Everyone Needs A Weed: Turning Bitter Foes into Your New Besties

Dhyana Miller delights in a yellow dock (curly dock) next to the trail. Its young leaves, high in protein, iron, vitamin C, and vitamin A, can be substituted for spinach in modest quantities.

My mother’s favorite flowerbed at her east gate, the cornerstone of her garden really, is populated every summer by our favorite technicolor blooms: Neon orange snapdragons, hot pink zinnias, nearly glow-in-the-dark creeping Jennie, and the fluorescent blue spikes of perennial salvia. We sit on the porch at dusk admiring the twilight fiesta that looks like someone lit a Kaffe Fassett textile with a black light bulb. We take very little credit for any of it.

But come last March’s thaw, the bed was the stuff of my nightmares. Creeping Charlie (aka ground ivy, aka alehoof, aka Gill-over-the-ground, aka Glechoma hederac) had reached under the fence, right through the snow, and had set up shop in the soil, filling forty square feet of prized real estate with its scallop-leafed tentacles.

I spent hours swearing and tearing up the bed to remove every wispy vine and piece of root fragment I could find. I got most of it, but ol’ Charlie had already woven himself into the base of a 16-year-old meadow sage. Yeah, Chuck will show up again later this season. He’s now a permanent fixture of the front lawn and is currently sprinting up the base of the dogwood. “Creeping,” my eye. His eighth nickname, “run-away-robin,” is more accurate.

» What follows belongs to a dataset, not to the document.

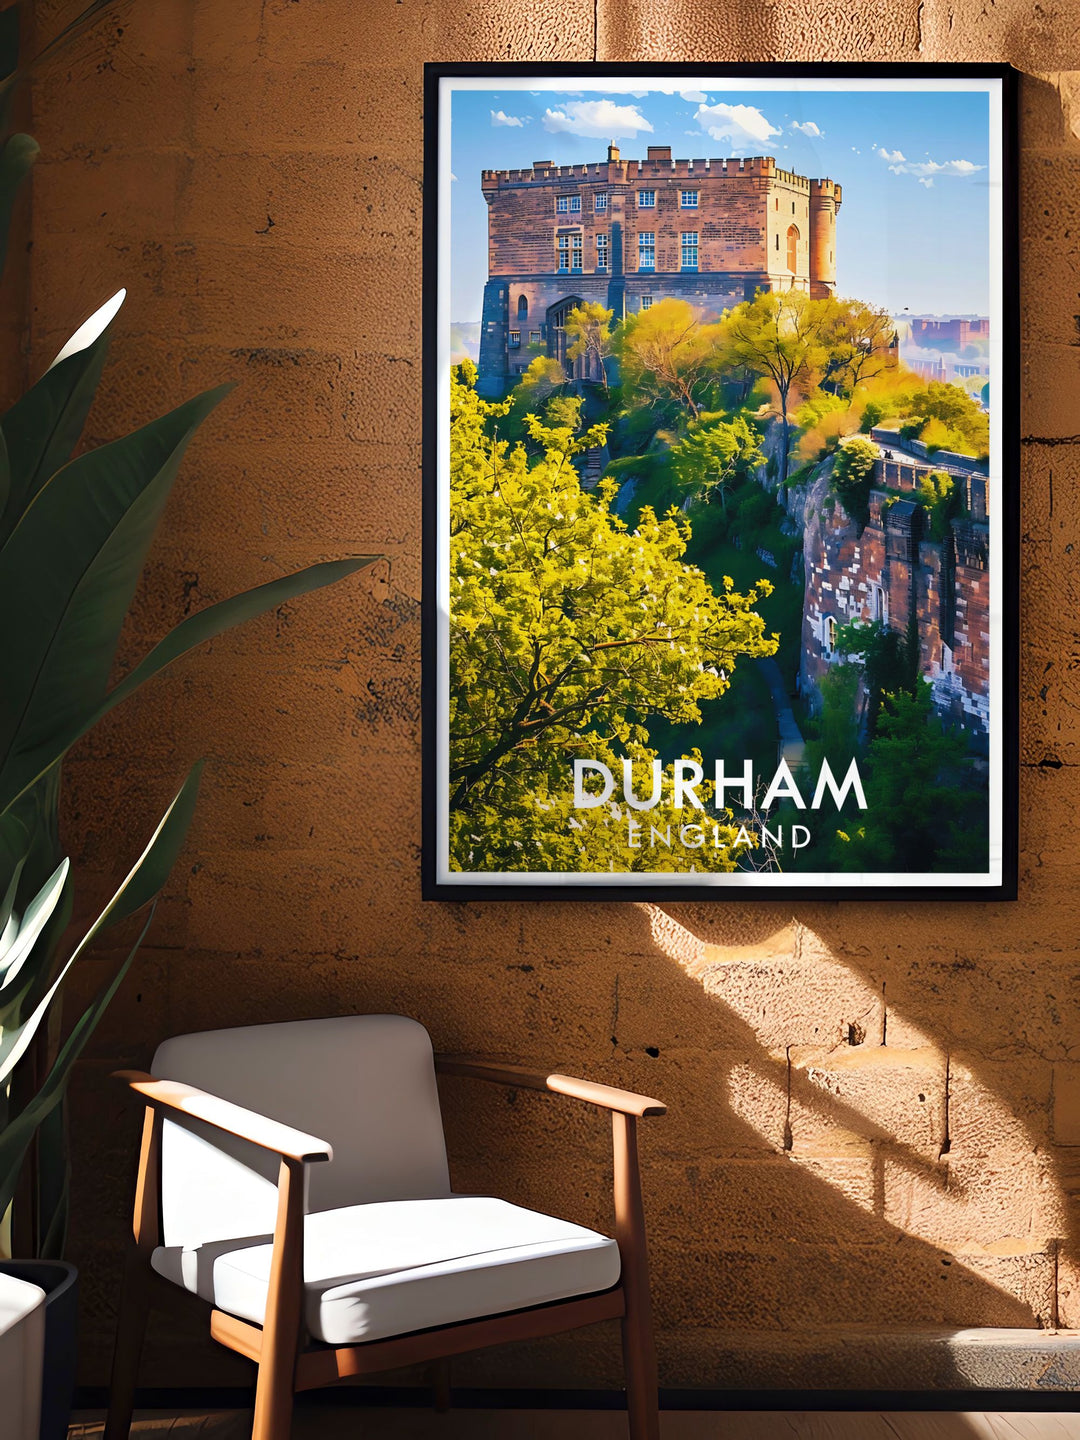 This art print showcases Durhams iconic skyline, dominated by the majestic Durham Castle and Cathedral, perfect for enhancing any home or office decor.

Homeowners across 46 states have done battle with this relative of the mint family, brought over on purpose, I found out—how insulting!—from Europe. All because it was nutrient rich, easily stored, and grew quickly. You mean someone wanted this plant?

Huh. Got me thinking. Common weeds, real groaners like creeping Charlie and fluffy dandelion that typically earn themselves the stink eye, might better be put to use than in my bucket of (ob)noxious weeds. Or … left right there in the soil? Shutter, ghasp, wheeze!

Listen. I spend my days editing out the wrong words and my evenings editing out the wrong plants—species that just don’t belong in my very crisp, manicured, and organized version of beauty. Shifting my proofreader’s mindset in the garden was going to take some doing. I’d need some help. And maybe a little therapy.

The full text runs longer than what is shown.